Why This Queer Couple Got Hitched Five Times

Our first engagement photo in 1992

I’ve been married 28 years to the same person, though half that time he identified as a lesbian and for the last 14 years as a transgender man. Because we started “marrying” long before marriage equality was legal, we’ve now had five wedding ceremonies — each one a move forward in our legal protections.

1999 Willie Brown Wedding Diane Jacob

Above: Our 1999 wedding with best man Jeff and maid of honor Athena.

In 1985, West Hollywood become the first city in the nation to create legal status by passing a domestic partnership ordinance. It was the first place we went to get hitched, having a private ceremony for two and framing our certificate like it was a Harvard diploma. When we moved to Marin County, Calif., in 1993, we had our second wedding with our domestic partnership papers in tow. Then in 1999, California established the nation’s first statewide domestic partnership registry. In celebration, we were invited to join a small group of long-term LGBTQ couples for a ceremony officiated by San Francisco Mayor Willie Brown. My husband (and Advocate deputy editor) Jacob and I wore matching white dresses, were interviewed on national news, and our colleagues at Girlfriends magazine threw us a queer wedding shower I’ll always remember.

2004 Newsome Wedding Diane Jake Courtesy Di

Above: Our 2004 V-Day Newsom wedding.

It was meaningful, but not equivalent to legal marriage (we were missing more than 1,000 federal rights). When we learned on Valentine’s Day in 2004 that then-San Francisco mayor (and now California governor) Gavin Newsom was marrying couples at City Hall, we rushed down and spent a day in line with dozens of other queer couples. Florists delivered flowers sent from loving strangers in congratulations. It was thrilling and I spent much of the day in tears.

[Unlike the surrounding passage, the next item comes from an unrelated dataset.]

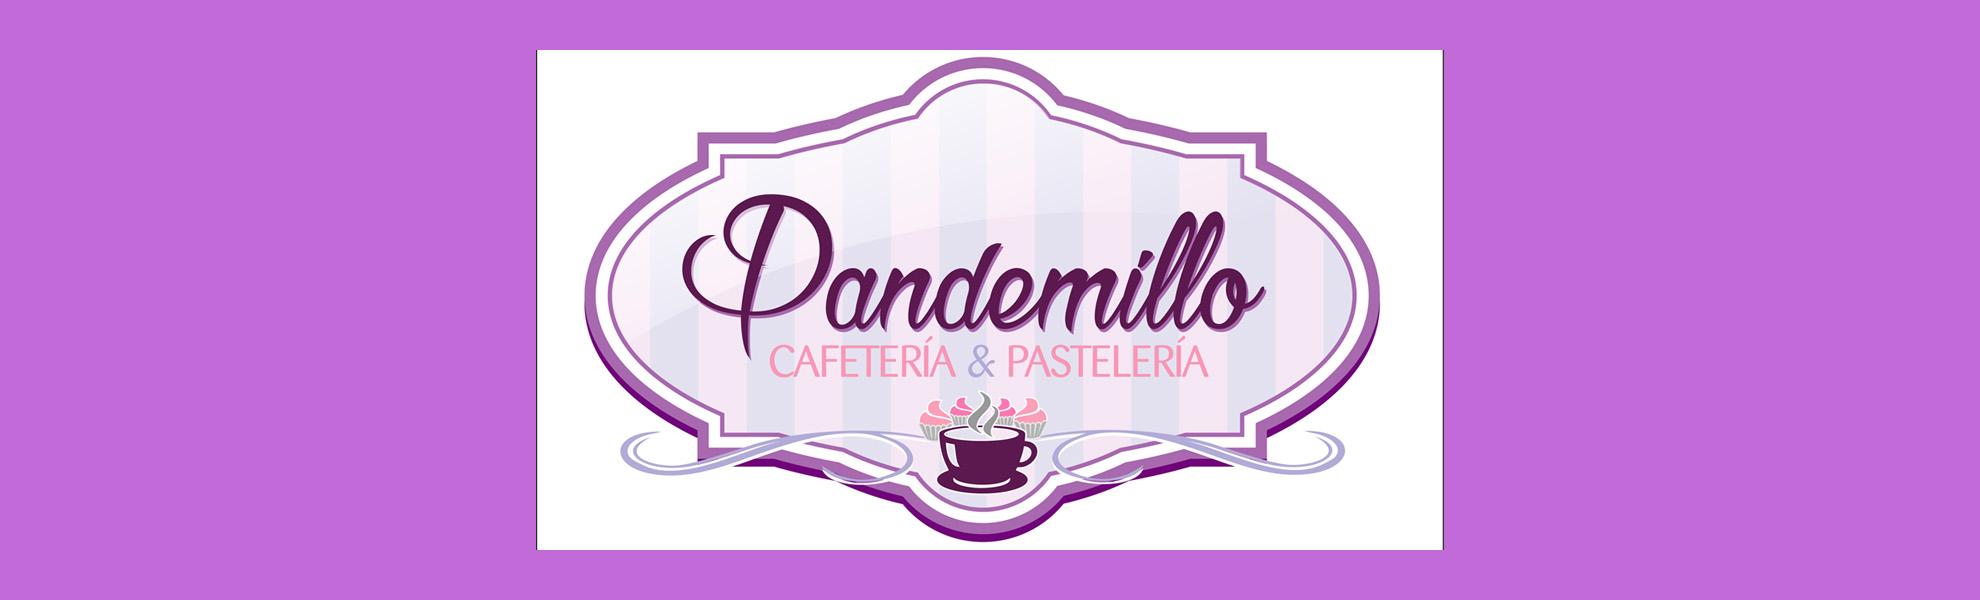 banner-PANDEMILLO
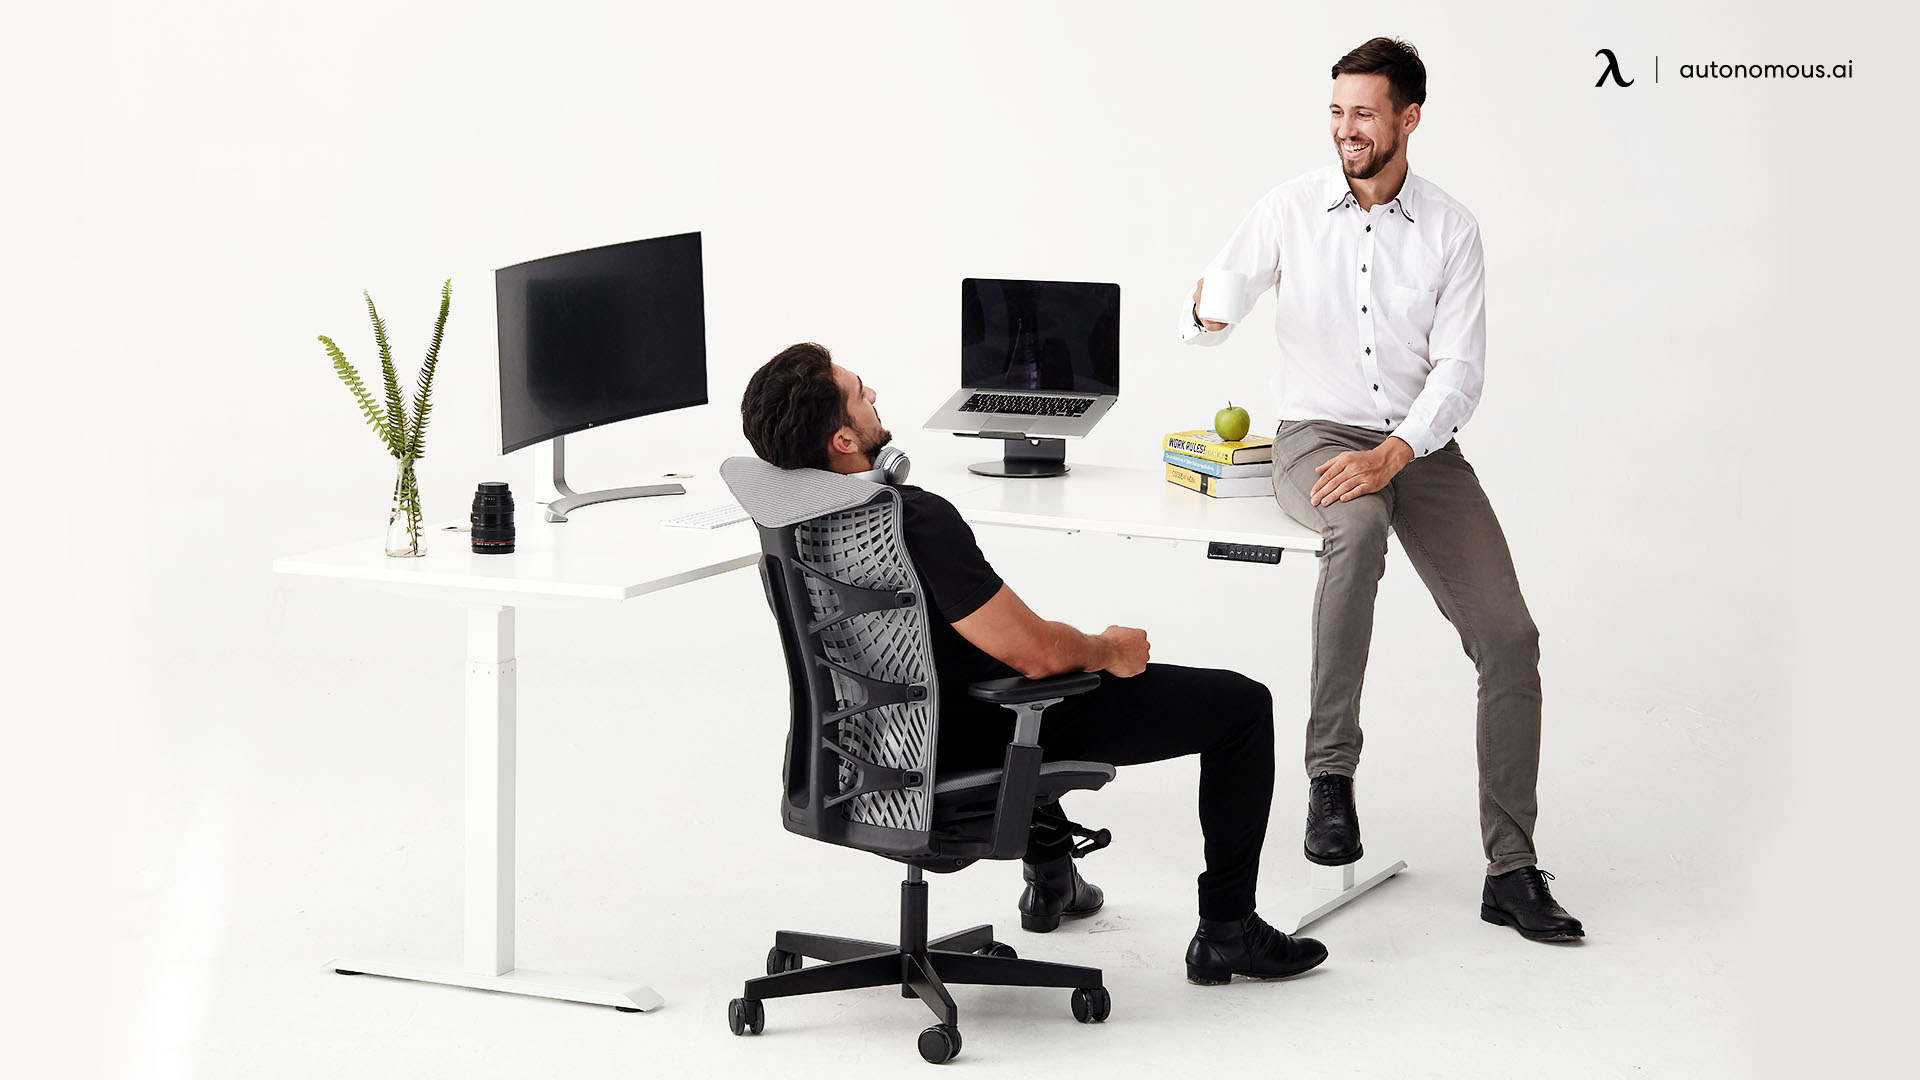 Getting an ergonomic chair

2006 Real Wedding Diane Jacob1 Courtesy

Above: 2006: finally legal (that’s a gay-friendly priest!)

Unfortunately, 29 days later, the weddings were halted and our marriage was discarded as a defiant act of civil disobedience. That same year, several couples, including my friends Robin Tyler and the late Diane Olson sued for the right to marry — and in 2008 the California Supreme Court ruled in their favor. But hopes of marriage equality were quickly dashed when Proposition 8 passed, stripping the state’s same-sex couples of the right to wed. That’s when Tyler, Olson, and others contested the constitutionality of Prop. 8, and it was eventually struck down in 2012 by a federal appeals court (the U.S. Supreme Court let that ruling stand the following year). Meanwhile, several other lawsuits — including from Edie Windsor and Jim Obergefell — also pushed the issue of marriage equality to the nation’s highest court, which eventually ruled to legalize same-sex marriages nationwide in 2015.

2015 Dianejake Lancemichael Courtesydi

Above: With Lance Bass and his hubby at Ft. Lauderdale’s Love is Love wedding in 2015 (now they’re becoming dads!)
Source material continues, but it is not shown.